My father spoke again, and this time it sounded like he was arguing. But I could have told him how futile it was to argue with Aunt Val. Once she’d made up her mind, nothing could change it.

“Aiden Cavanaugh, you put your butt on a plane today, or I’ll send your daughter to you. She deserves the truth, and you’re going to give it to her, one way or another.”

I SNUCK BACK TO MY room, shocked, confused, and more than a little proud of my aunt. Whatever this mysterious truth was, she wanted me to have it. And she didn’t think I was losing my mind. Neither of them did.

Though they apparently thought I was dying.

I think I’d rather be crazy.

I’d never really contemplated my own death before, but I would have thought the very idea would leave me too frightened to function. Especially having very nearly witnessed someone else’s death only hours earlier. Instead, however, I found myself more numb than terrified.

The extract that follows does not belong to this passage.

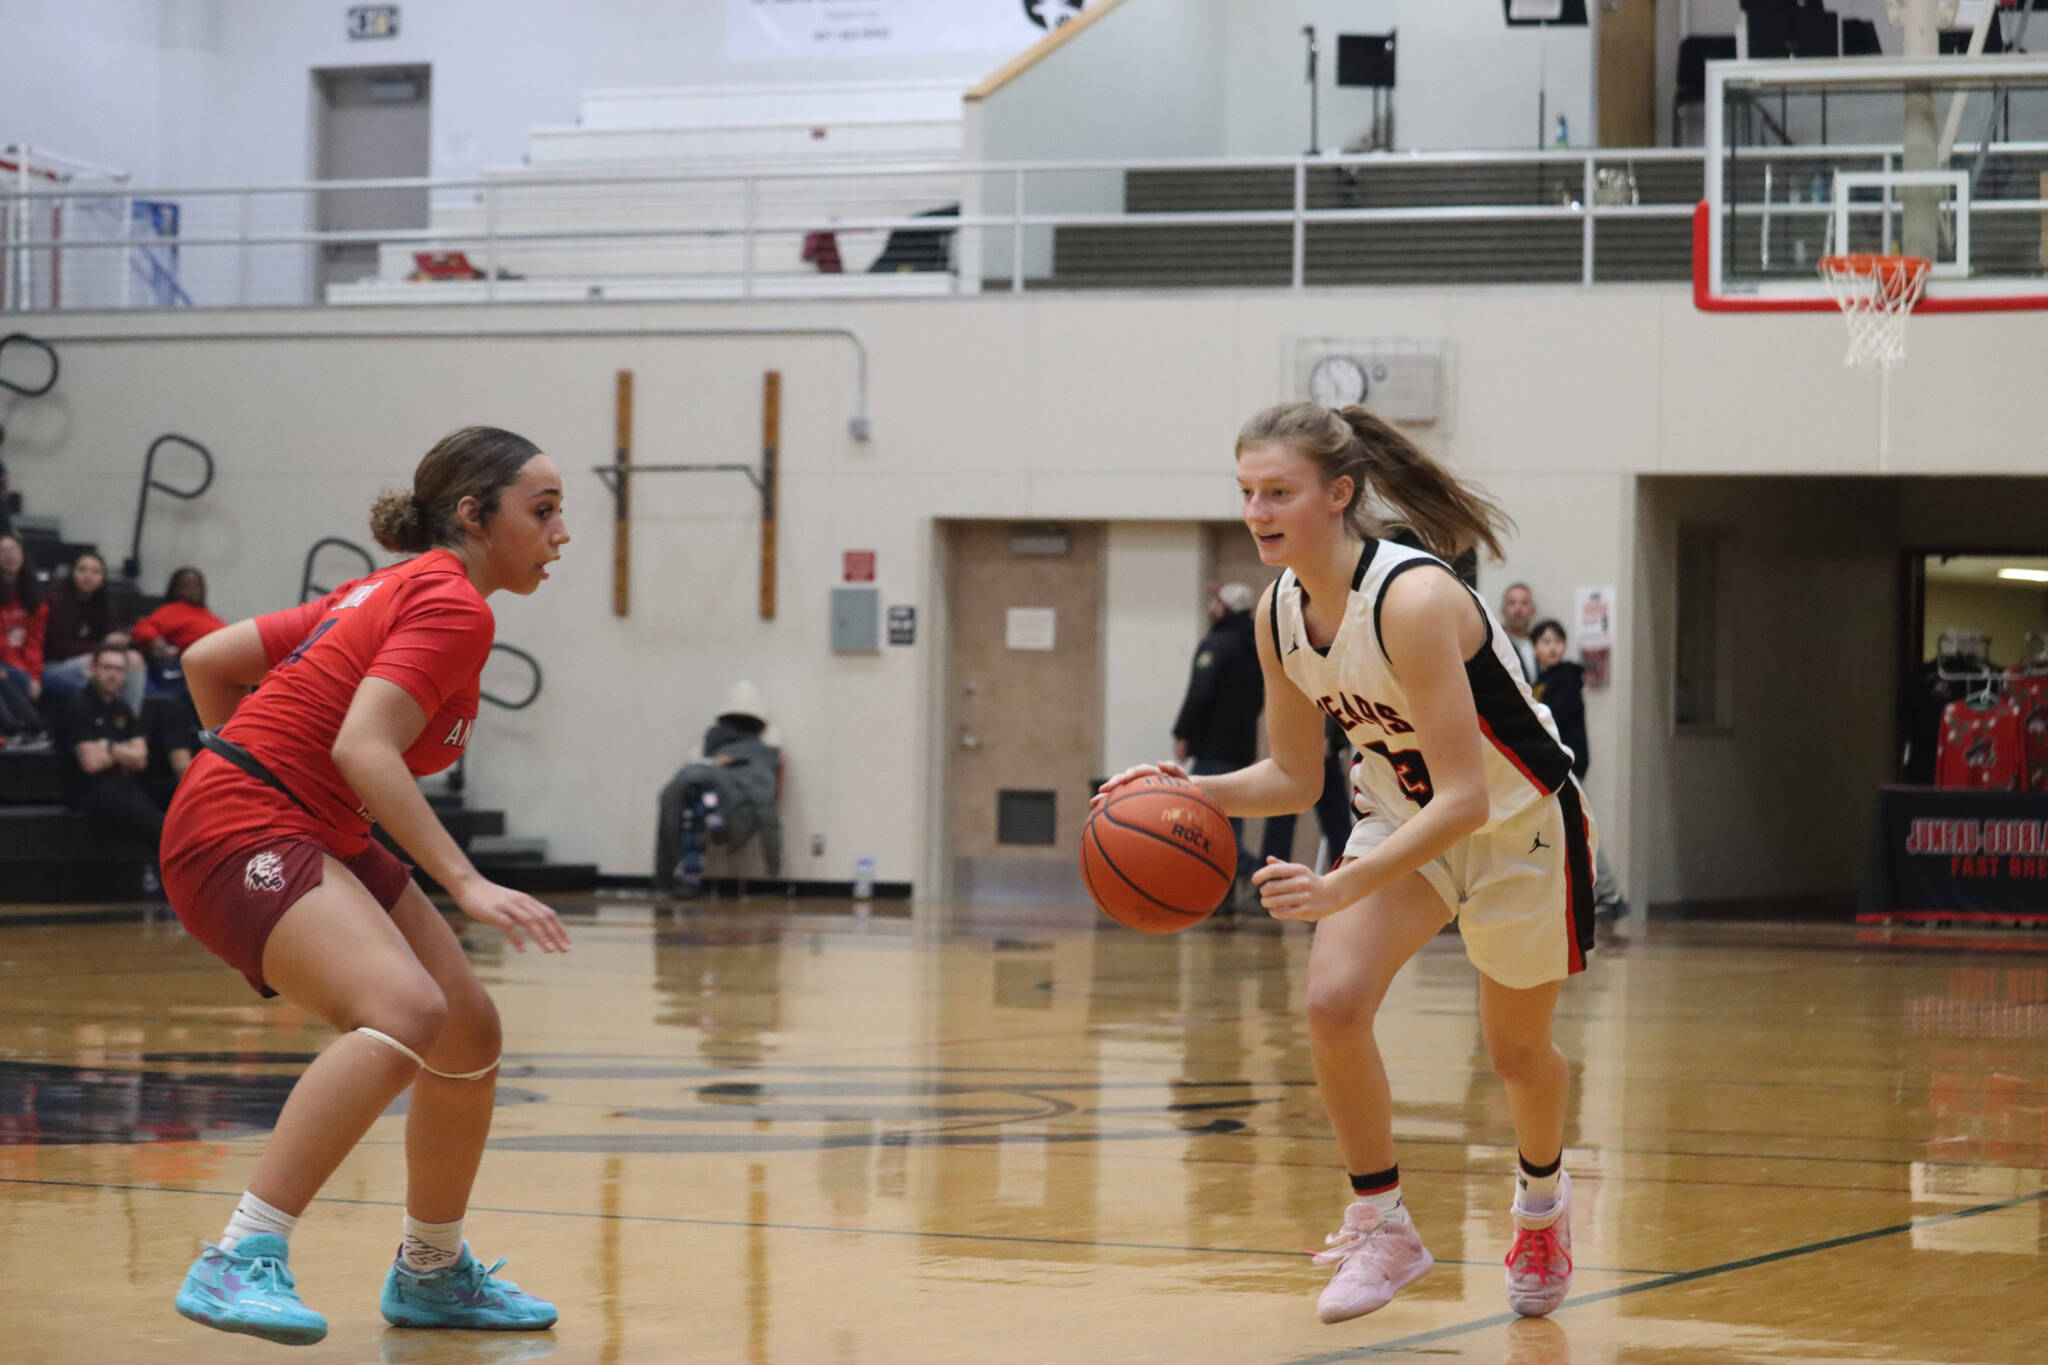 JDHS senior guard Skylar Tuckwood takes the ball down court on Friday against Anchorage Christian School. Tuckwood led the Crimson Bears in scores with 23 points in total. (Jonson Kuhn / Juneau Empire)

There was a substantial fear building inside me, tightening my throat and making my heart pound almost audibly inside my chest. But it was a very distant fear, as if I couldn’t quite wrap my mind around the concept of my own demise. Of simply not existing one day.

Maybe the news just hadn’t sunk in yet. Or maybe I couldn’t quite believe it. Either way, I desperately needed to talk it through with someone who wasn’t busy keeping vital secrets from me. So I texted Emma, in case her mother had lifted the cell phone ban.